Racking my brains trying to remember where I read it. I swear it was in New Scientist the other day, say it was the heaviest venomous snake. But then I just googlesearched for it to find the source and apparently Guiness holds a 34lb Eastern diamondback rattler as the heaviest +shrug+ I may have dreamt up an 80lb Gaboon. Maybe he'd just eaten?


----------



## Lord Vetinari (Mar 4, 2011)

PrincessStegosaurus said:


> Racking my brains trying to remember where I read it. I swear it was in New Scientist the other day, say it was the heaviest venomous snake. But then I just googlesearched for it to find the source and apparently Guiness holds a 34lb Eastern diamondback rattler as the heaviest +shrug+ I may have dreamt up an 80lb Gaboon. Maybe he'd just eaten?


Thats 36kg.... that seems excessive for a 4-5ft snake? 

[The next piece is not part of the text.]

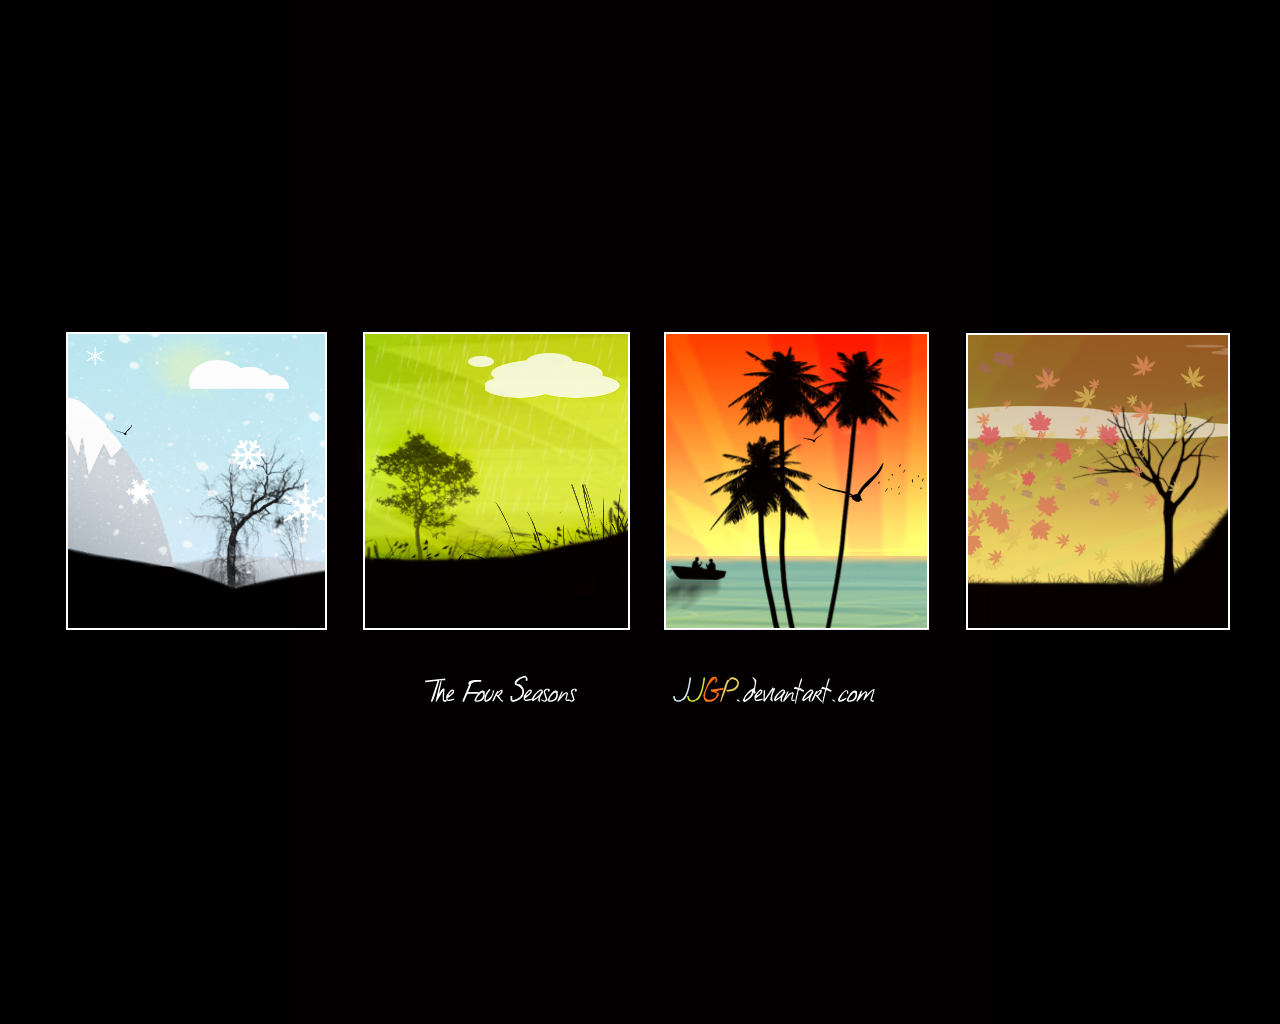 The 4 seasons wallpaper by JJGP on DeviantArt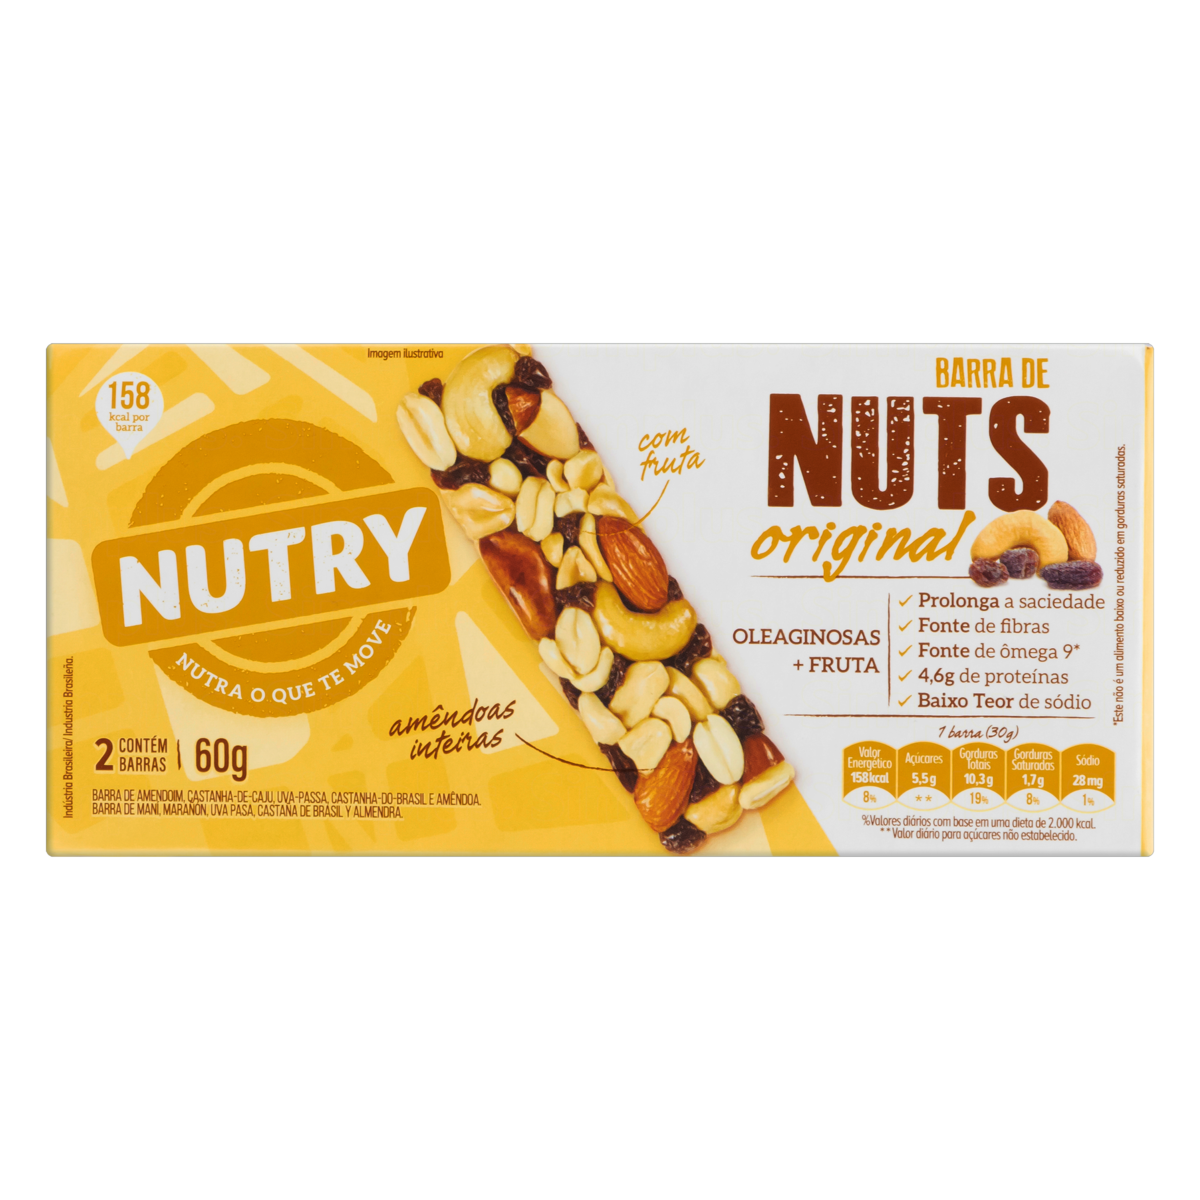 7891331015039 - PACK BARRA DE NUTS ORIGINAL NUTRY CAIXA 60G 2 UNIDADES

I know they are thick set.... but seriously?


----------



## gmccurdie (Jun 1, 2012)

One record it does hold, and you can/will achieve this at home#, is for the longest fangs.:whistling2:



#_if you have the relevant licence_


----------



## PrincessStegosaurus (May 27, 2012)

I swear I must have dreamt it up. I remember reading it and going 'whoaaa.. 6 stone...' I swear I saw it in New Scientist or Nature at work. +twirls imaginary moustache..+ feck, I'll have to go hunt for it.


----------



## DogMan84 (Dec 16, 2011)

PrincessStegosaurus said:


> I swear I must have dreamt it up. I remember reading it and going 'whoaaa.. 6 stone...' I swear I saw it in New Scientist or Nature at work. +twirls imaginary moustache..+ feck, I'll have to go hunt for it.


 It was prob the Guinness world record people with their crazy claims like 30ft Retics etc.. :lol2:


----------



## naja-naja (Aug 26, 2009)

PrincessStegosaurus said:


> Love Gaboons. Read somewhere the other day about a whopper of a Gaboon... 81lbs :|


that's about the same weight as a 12-14foot burm......


----------